— Дитрих, я прекрасно понимаю, что вы проделали огромную работу. Но как комендант, отвечающий за жизнь города, а не нескольких десятков свиней — поймите, мне их не жаль, — я не разделяю вашего мнения о необходимости расстрела всех восьмидесяти человек.

— Семидесяти двух, — поправил Моль.

— Пусть даже стольких…

— Но мы доказали виновность каждого из них. Вы можете ознакомиться с протоколами допросов в любую минуту.

— Хорошо, — Шварцвальд поморщился. Моль выходил из себя, а ссориться с ним из-за такого, хоть и не пустякового, дела, все-таки не следовало. — Предлагаю компромисс.
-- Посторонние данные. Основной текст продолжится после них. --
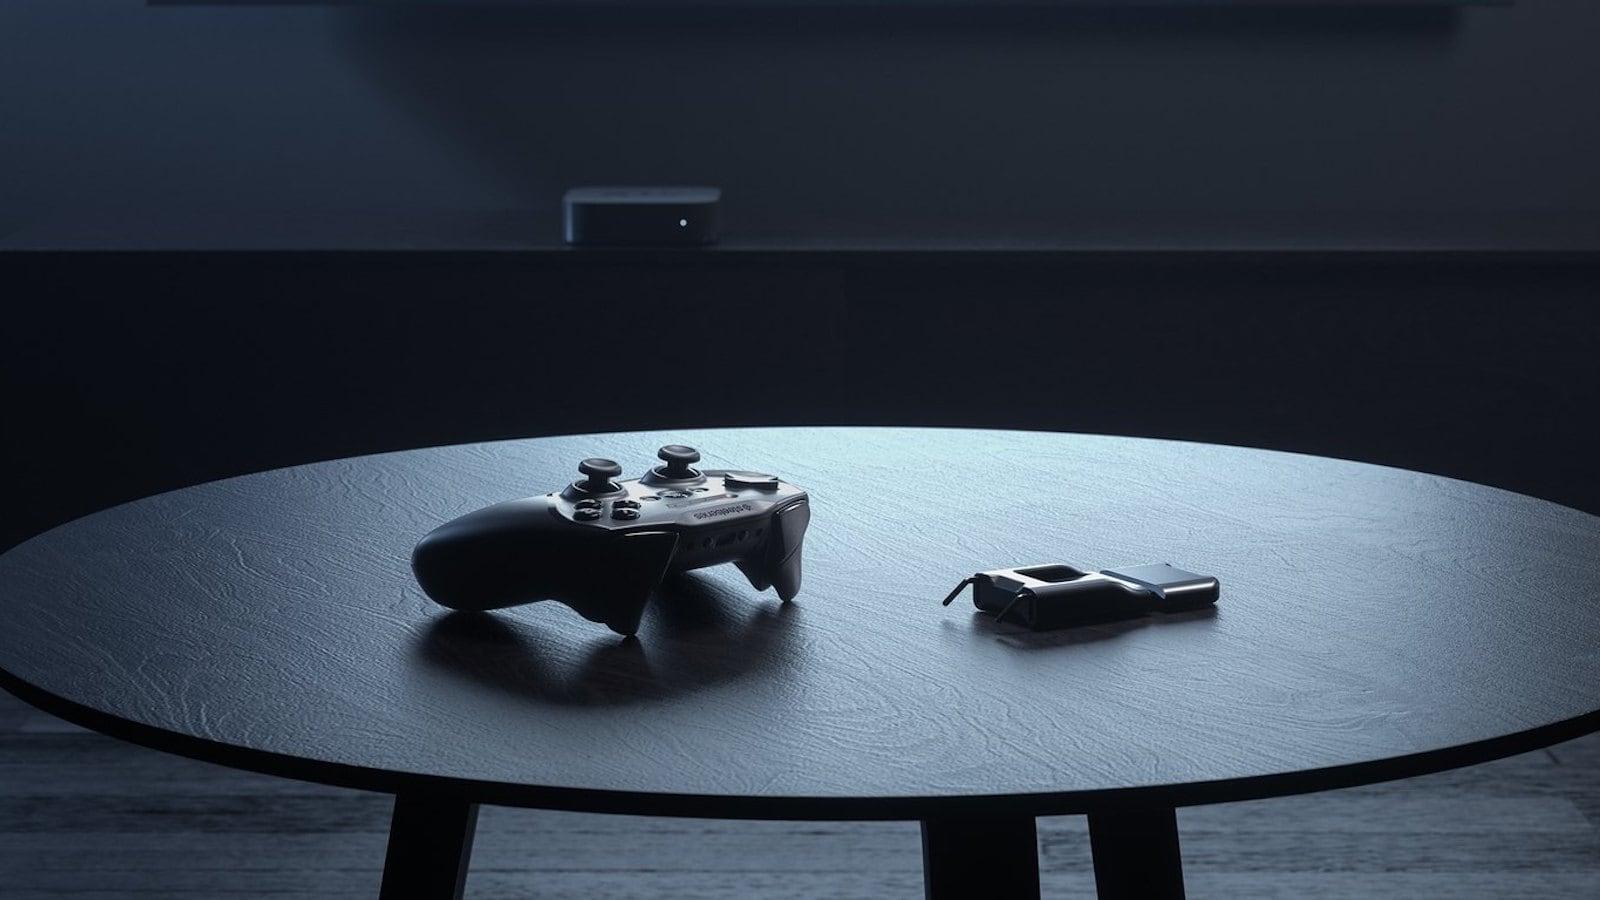 SteelSeries NIMBUS+ Apple Gaming Controller
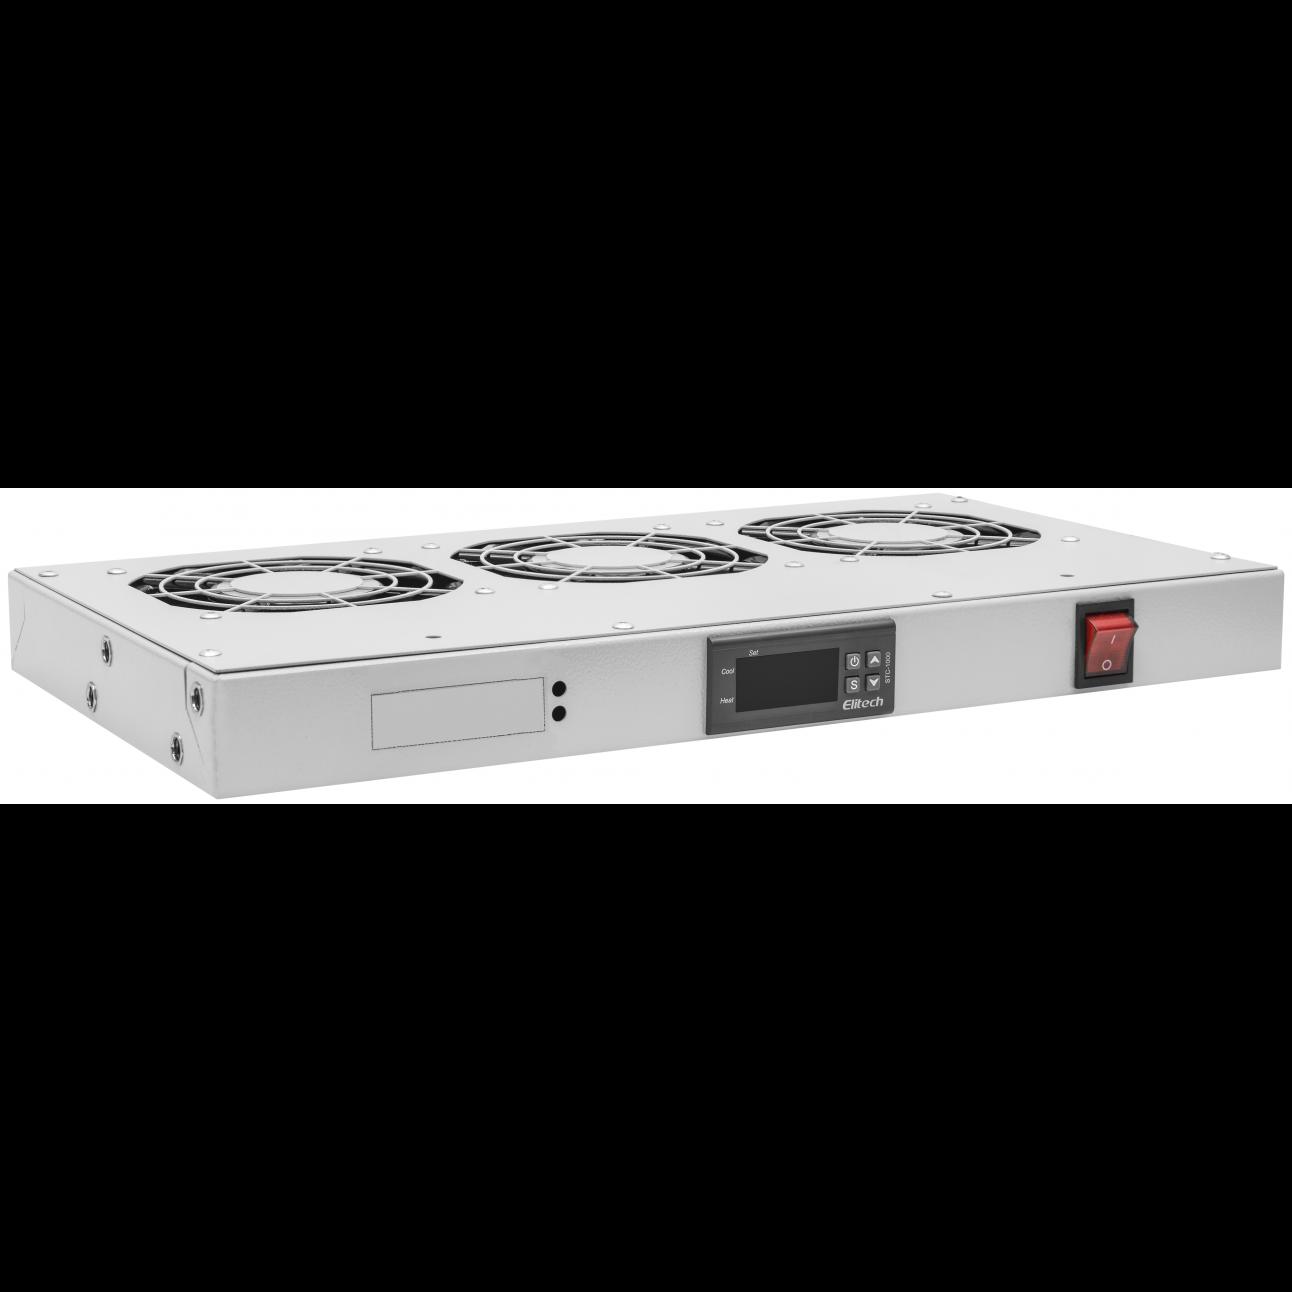 "Модуль вентиляторный 19"", 3 вентилятора, регулируемая глубина 230-415мм, с цифровым терморегулятором"

Расстреляйте сейчас любую выбранную вами половину виновных. А остальных можно будет расстрелять позже. Посмотрим, какова будет реакция населения. Останется шанс сыграть на нашей справедливости.

Моль хотел вспылить, но мысль коменданта показалась разумной, тем более что расстрел в две очереди устраивал его больше — сделать приготовления к сегодняшней ночи едва успевали.

— Я к вам зайду, Вильгельм, — сказал Моль, — и мы обсудим лично.

— Милости прошу. Угощу французским коньяком и чашечкой доброго кофе.

Перепечатка сокращенных списков заняла полчаса. Когда Моль вошел в кабинет Шварцвальда, просторный настолько, что казался скорее временным прибежищем, чем рабочим местом, комендант, надев очки, просматривал недельную сводку.

Они перешли к кофейному столику, и Моль передал Шварцвальду список, уже заверенный им и Гельдом. Шварцвальд увидел только цифру «тридцать семь» и, не глядя, подмахнул документ. Отложив его в сторону, сказал:

— Вы не забыли, дорогой Дитрих, что в списках расстрелянных должен быть и Караваев. Берлин очень настаивает на этом.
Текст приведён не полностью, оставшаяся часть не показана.